Im Jahr 2022 erreicht die Wirtschaft das Niveau vor der Corona-Krise. Österreichs Schulden und Neuverschuldung bleiben hoch, ebenso die Arbeitslosigkeit, die nicht so stark sinken wird. Die Preise werden steigen. Ein Sparprogramm sei laut OECD aus derzeitiger Sicht nicht notwendig.

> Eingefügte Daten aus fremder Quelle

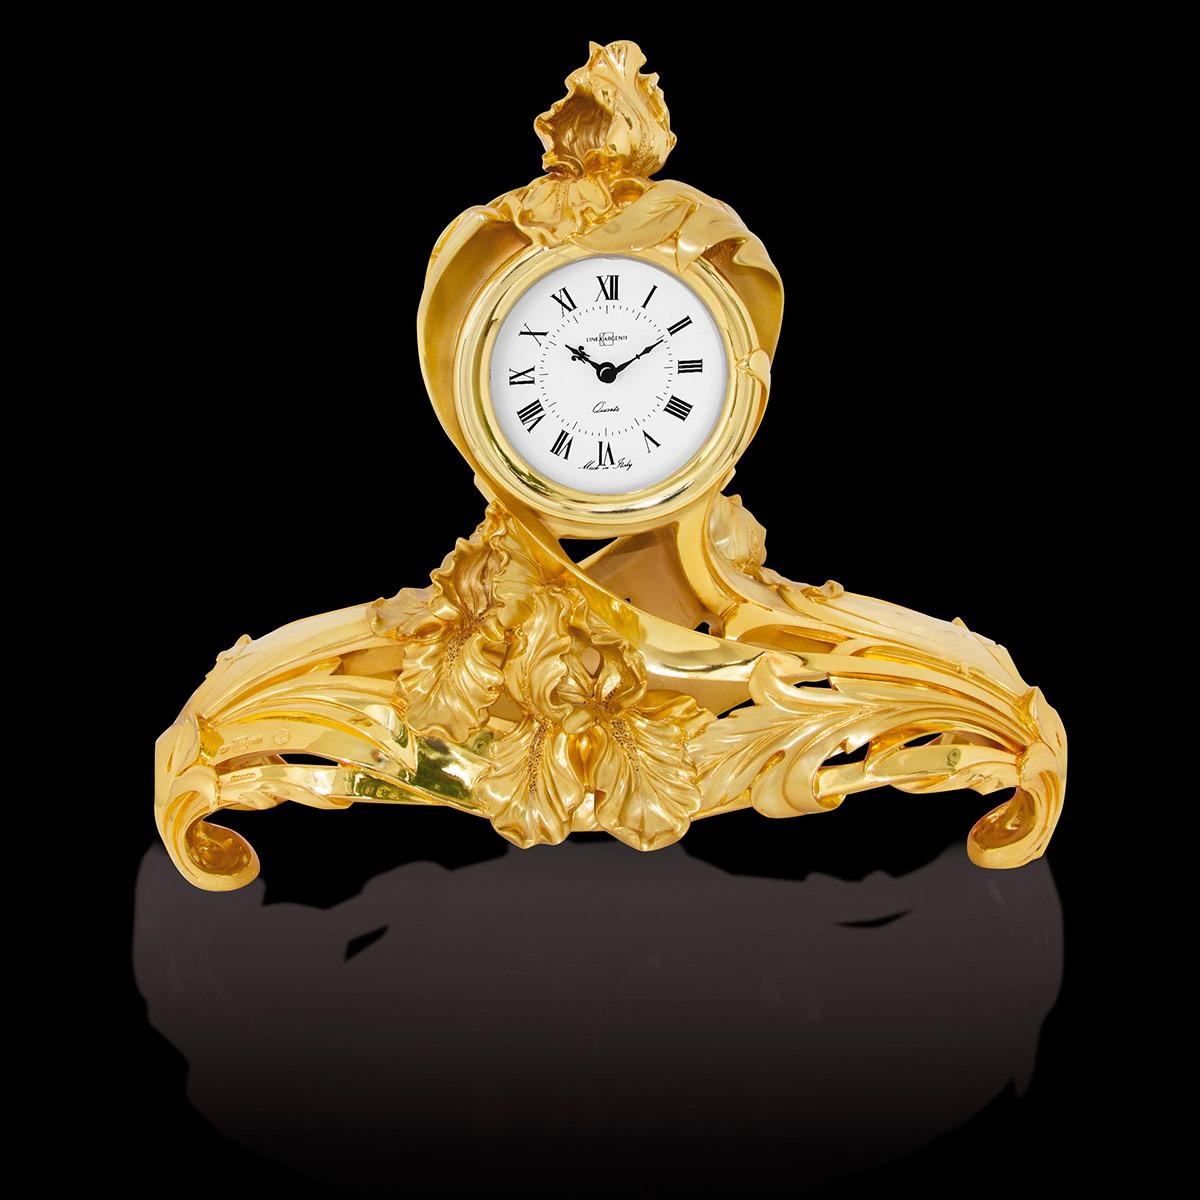 Orologio fiori in resina dorata orologi da tavolo - Dalvey orologio da tavolo ...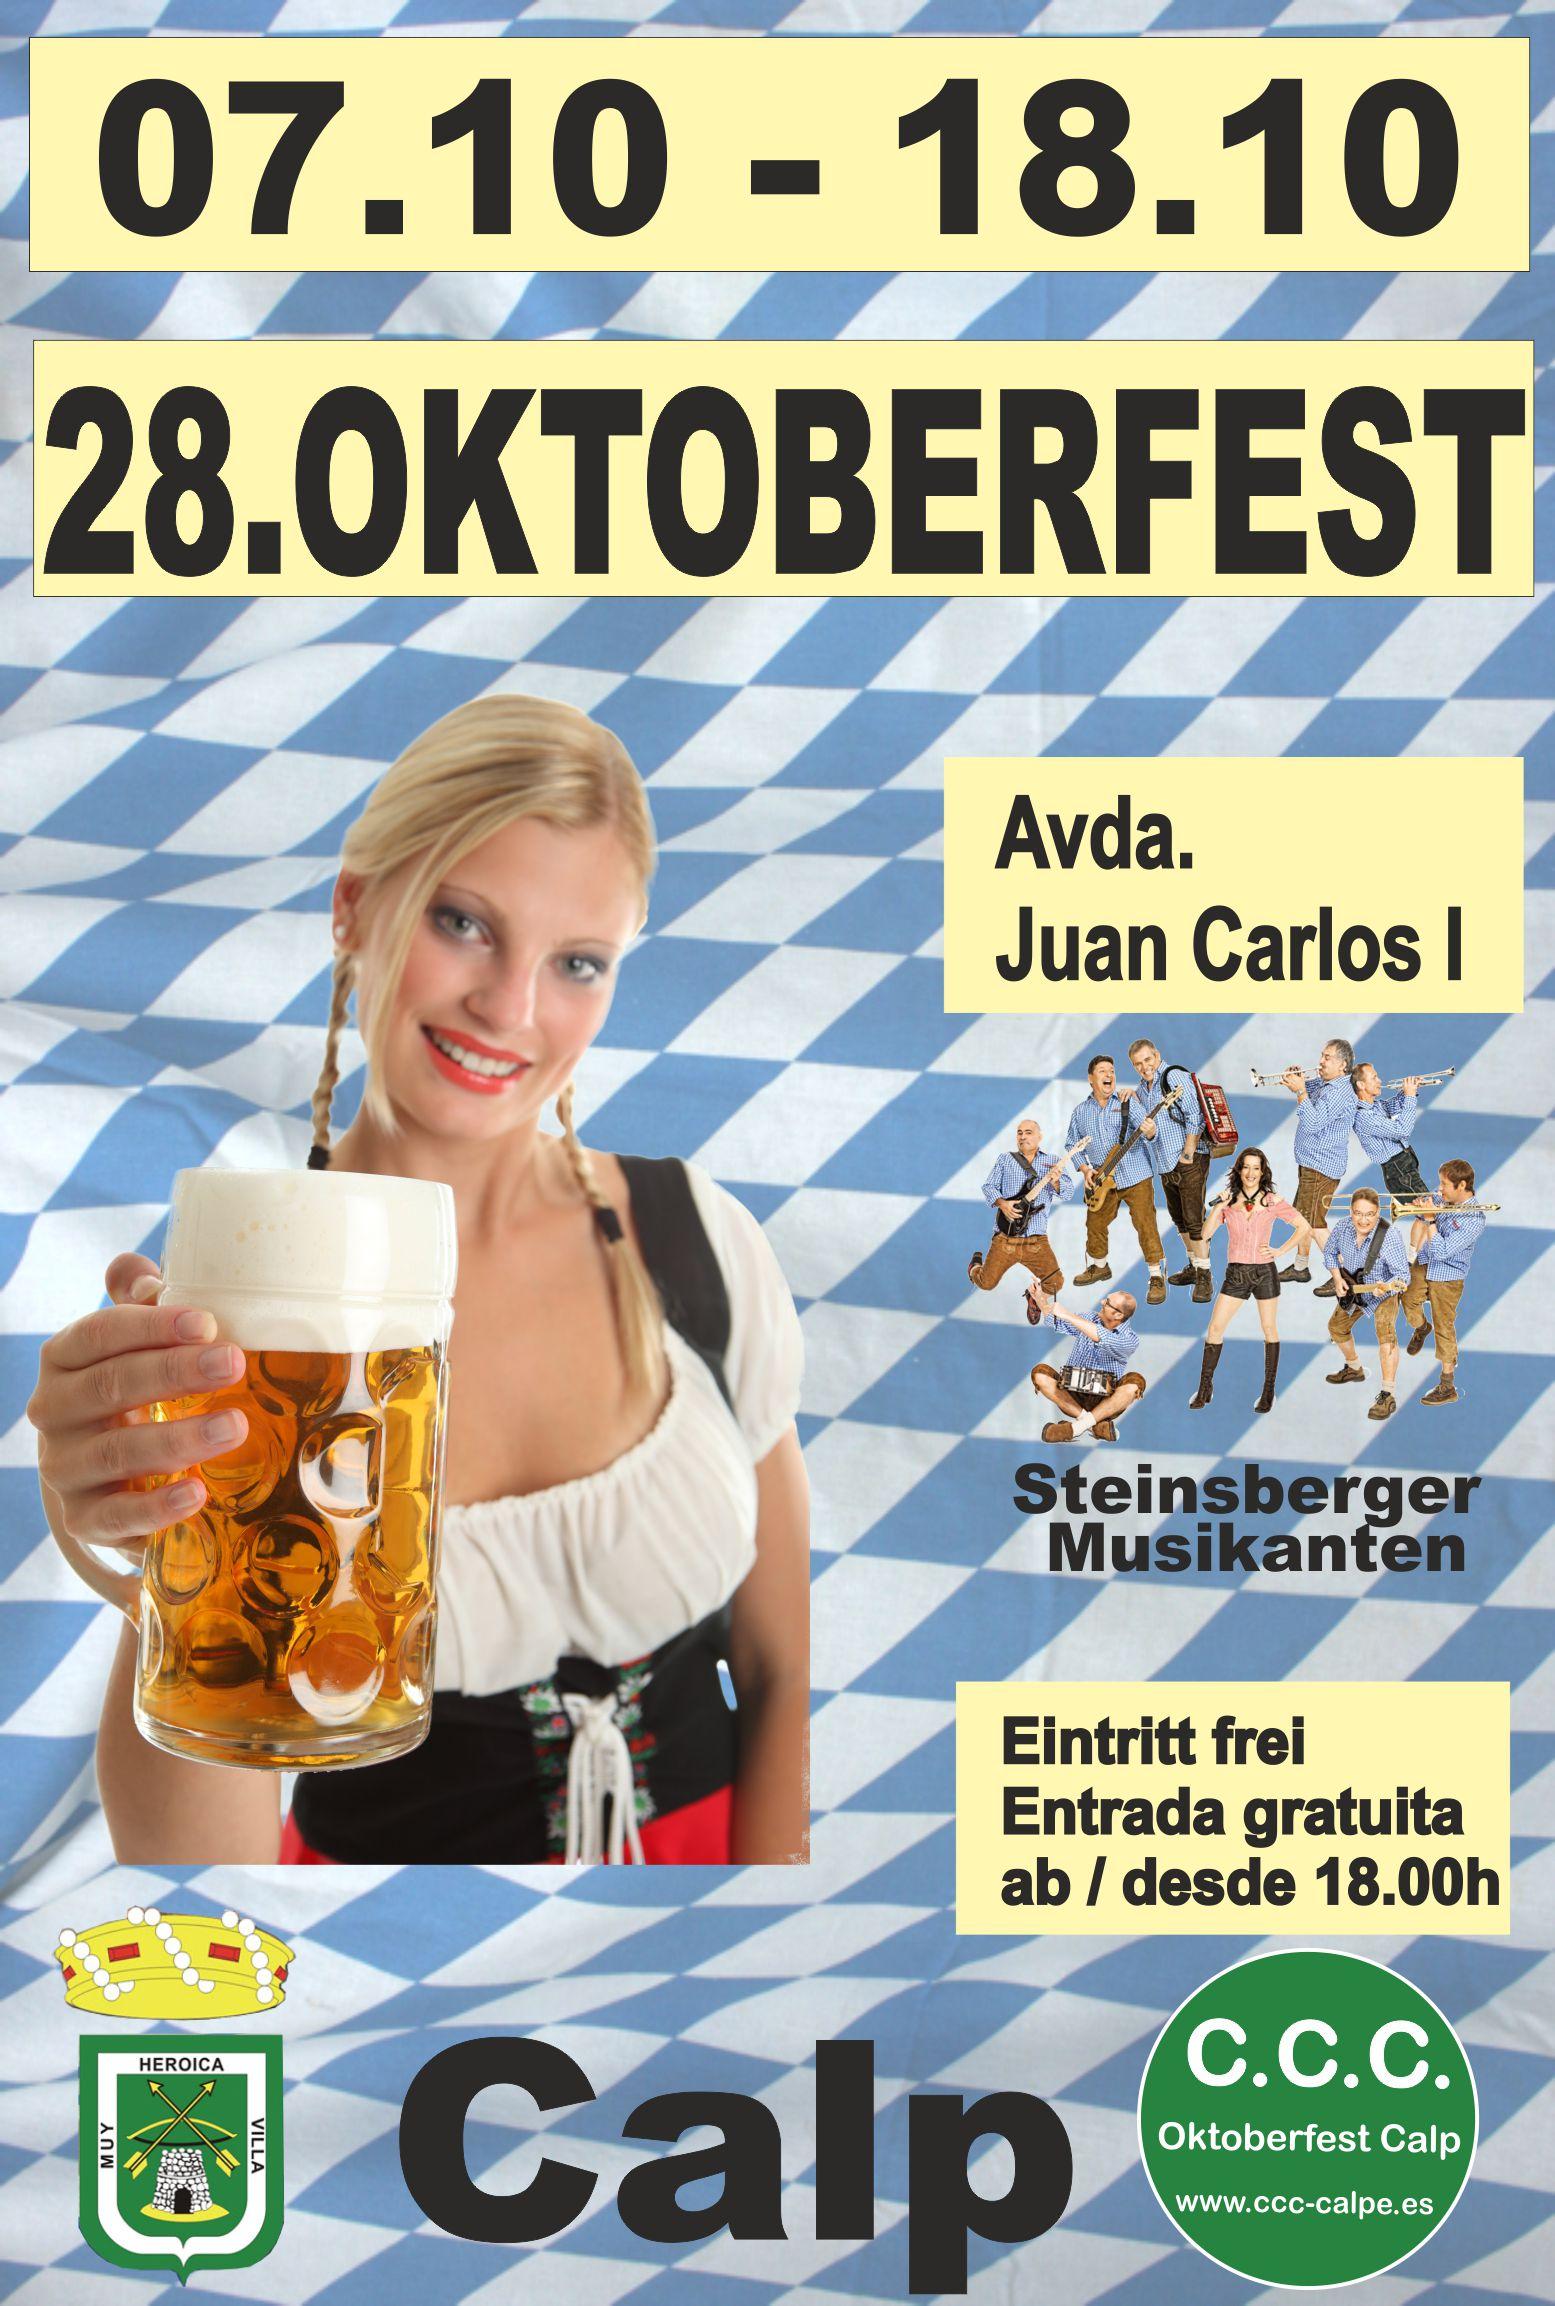 Spanias største oktoberfest

Österreichs Wirtschaft weiter auf Erholungskurs

Paris/Wien. Österreichs Wirtschaft wird heuer um 3,4 Prozent und 2022 um 4,2 Prozent wachsen und damit Ende 2022 wieder das Vorkrisenniveau erreichen, prognostiziert die OECD. Dank anziehendem Welthandel und großzügigen Staatshilfen wird es einen Schub bei den Investitionen geben. Zugleich werden die Haushalte weniger sparen und damit den Konsum anheizen. Dank Impfungen werden die Menschen wieder mobil, was dem Tourismus und der Gastronomie auf die Beine hilft.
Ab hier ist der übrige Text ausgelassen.